Comparing Experimental Designs Based on Model Fit
There are many ways to generate an experimental design. Perhaps the simplest is to randomly assign levels to alternatives in a design. However, other methods of generating designs exist which result in more balanced designs and designs with a lower D-error. Rather than assess the quality of a design based on design metrics, in this post I take another approach. With the use of simulated response data, I compare various algorithms for generating choice model designs using metrics for model fit. In other words, I make an assumption about the response data and measure the performance of each design given the assumed response distribution.
Design algorithms
I will be comparing the following algorithms used for generating experimental designs:
- Random
- Shortcut
- Complete enumeration
- Balanced overlap
- Efficient
Out of these, the Shortcut, Complete Enumeration, and Balanced Cverlap algorithms optimize the balance of a design, whereas the Efficient algorithm is designed to minimize D-error. It will be interesting to see how these algorithms perform with metrics for model fit, given that D-error is more closely linked to model fit than design balance.
Methodology
In order to compare algorithms, I generate 100 designs per algorithm (using different random seeds), and average the metrics from the 100 designs. This reduces noise in the results. Each design has 2 versions with 10 questions each, and 3 alternatives per question. The designs are based on the following 4 attributes for cars:
| Make | Type | Safety | Price |
|---|---|---|---|
| Ford | Sedan | 3 stars | 20,000 |
| Honda | Hatchback | 4 stars | 30,000 |
| Volvo | SUV | 5 stars | 50,000 |
| BMW | 80,000 |
In order to fit a model with a design, I require response data. To obtain this I simulate responses from 100 respondents by drawing 100 sets of parameters from normal distributions. I assume the the following prior means and standard deviations of the respondent parameters:
| Make | mean | sd | Type | mean | sd | Safety | mean | sd | Price | mean | sd |
|---|---|---|---|---|---|---|---|---|---|---|---|
| Ford | 0 | 0 | Sedan | 0 | 0 | 3 stars | 0 | 0 | 20,000 | 0 | 0 |
| Honda | 0 | 1 | Hatchback | 0 | 1 | 4 stars | 1 | 0.5 | 30,000 | -1 | 0.5 |
| Volvo | 1 | 1 | SUV | 1 | 1 | 5 stars | 2 | 1 | 50,000 | -2 | 1 |
| BMW | 3 | 2 | 80,000 | -3 | 1.5 |
With the response data, I fit a two-class latent class analysis which produces parameter estimates and standard errors for these estimates. From these estimates, 3 metrics of model fit are computed: mean standard error, parameter deviation and in-sample prediction accuracy.

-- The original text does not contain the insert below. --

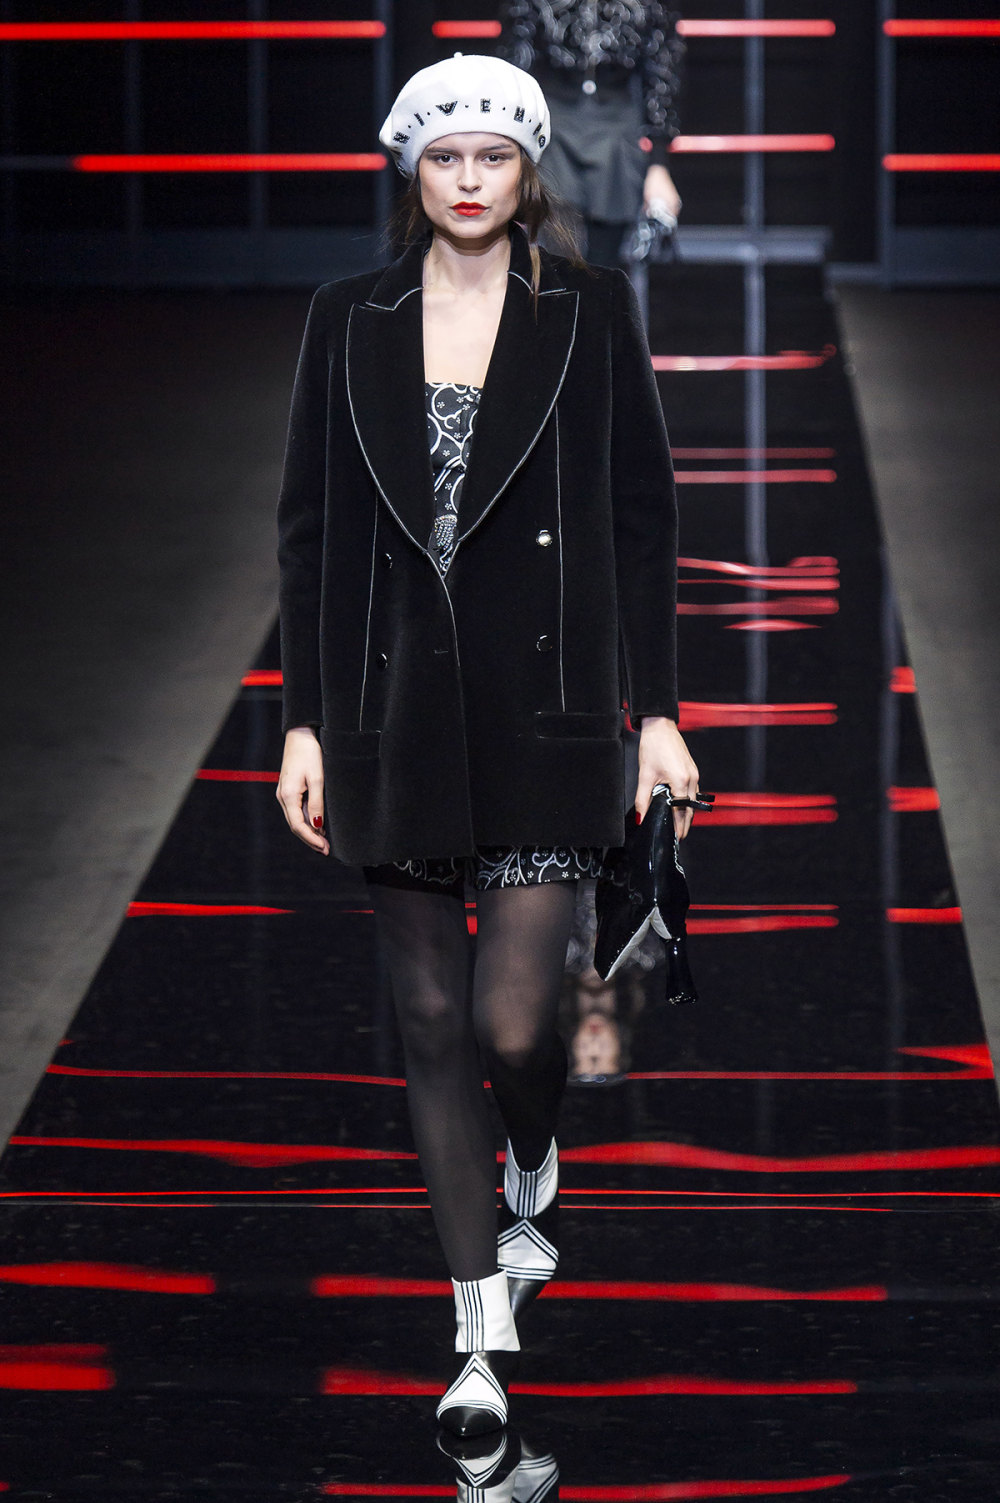 Emporio Armani时装系列畅的裤子带有柔滑裙子的鸡尾酒礼服-30.jpg

- Mean standard error is simply the mean of the standard errors of the parameter estimates. Smaller standard errors imply less uncertainty in parameter estimates.

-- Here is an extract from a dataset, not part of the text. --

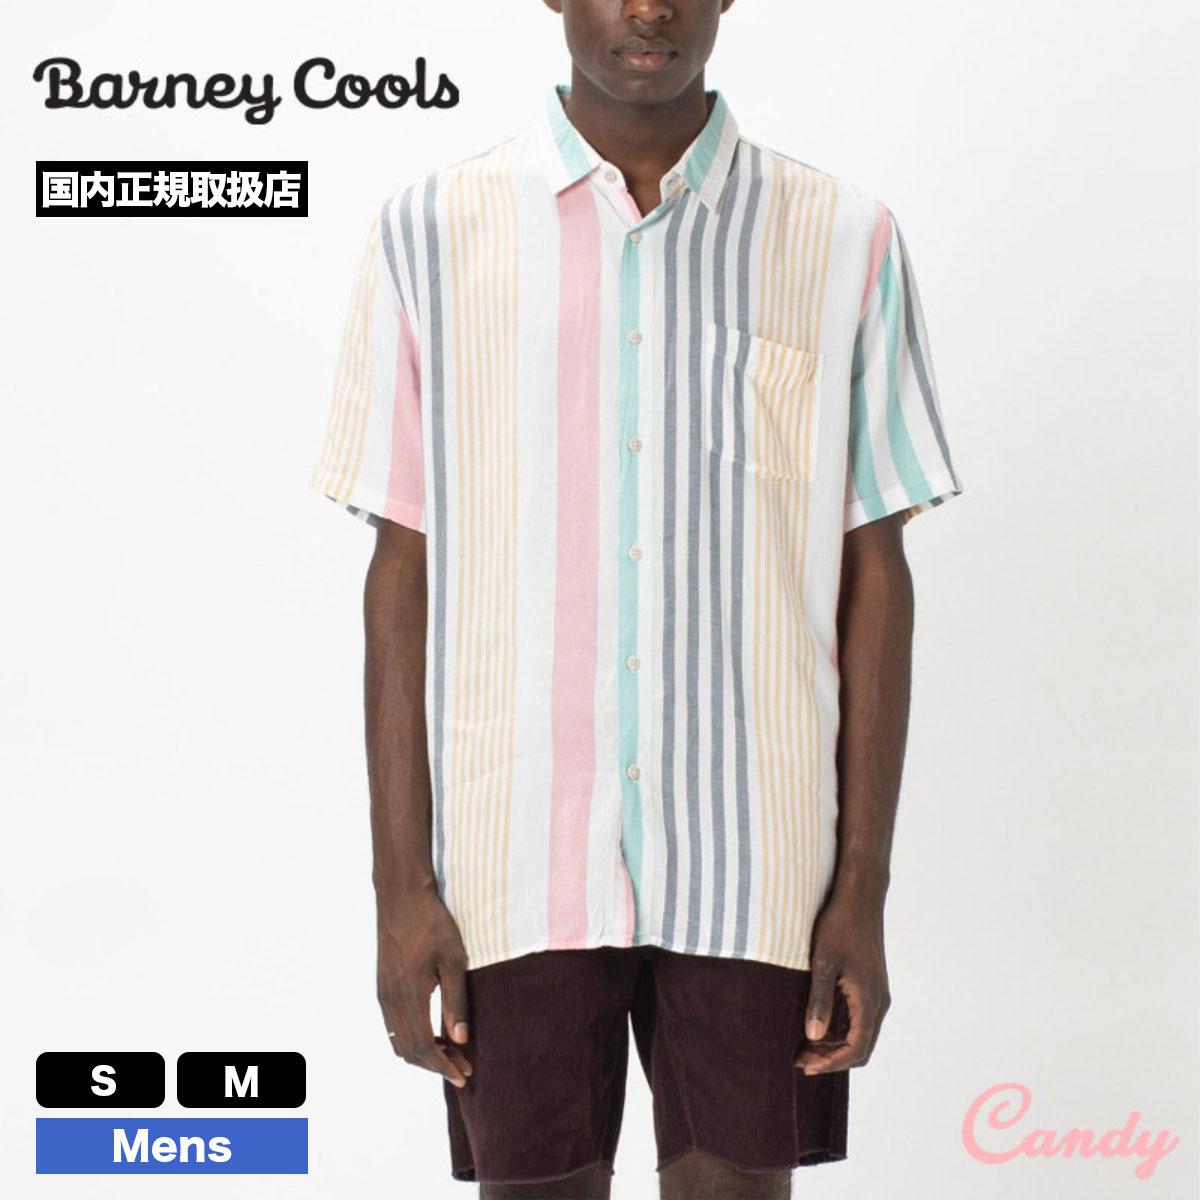 Barney Cools国内正規取り扱い店、ジャックオーシャンスポーツ

- Parameter deviation is the mean absolute difference between the simulated parameters and the parameter estimates. A smaller deviation means that the parameter estimates are closer to the original parameters, i.e., the model is better able to capture reality.
- The in-sample prediction accuracy is the percentage of questions where responses were correctly predicted by the model. As model over-fitting is not a major concern with this latent class analysis (model complexity is low), in-sample predictions were chosen over out-of-sample predictions, which can be more noisy (as there is less data available for fitting).
D-error
Before using the simulated data, I first compare the average D-error of designs generated with the different algorithms (lower is better):
As expected, the Efficient algorithm produces a design with the lowest D-error (which the algorithm was designed to minimize). The D-error from Complete Enumeration is nearly as low. The worst performer is the Random design, which has a much higher D-error than the others. Using parameter testing from linear regression, I have verified that the Efficient D-error is significantly lower than the other algorithms.
Mean standard error
The next chart compares the mean standard error of the parameter estimates from the multinomial logit model (lower is better):
Again, the Efficient design is in first place and Random is last. This is not surprising since the formulation of D-error is based on standard errors, and hence related to the mean standard error. Only Shortcut and Random are significantly worse than Efficient, based on parameter testing in regression.
Parameter deviation
This chart compares the deviations between actual and fitted parameters (lower is better):
This result suggests that the design algorithm does not appear to make much of a difference to how accurately parameters estimate the original parameters, which is surprising. Parameter testing confirms that the algorithms are not significantly different from each other.
Prediction accuracy
The final chart compares in-sample prediction accuracy (higher is better):
Random is the worst, but the others have similar prediction accuracies, especially Shortcut, Complete Enumeration and Efficient. Random and Balanced overlap are significantly worse than Efficient according to parameter testing.
Conclusion
Based on this analysis, the Efficient algorithm appears to be the best choice. However, Shortcut and Complete enumeration are equivalent to Efficient when it comes to prediction accuracy. Note that the results are stated for the car experiment with the specified simulated priors. Random designs are clearly the worst on 3 out of 4 metrics. As a result, I wouldn't recommend using it over the others. If you would like to see how I produced this analysis, as well as the parameter test results mentioned in this blog post, please view this Displayr document.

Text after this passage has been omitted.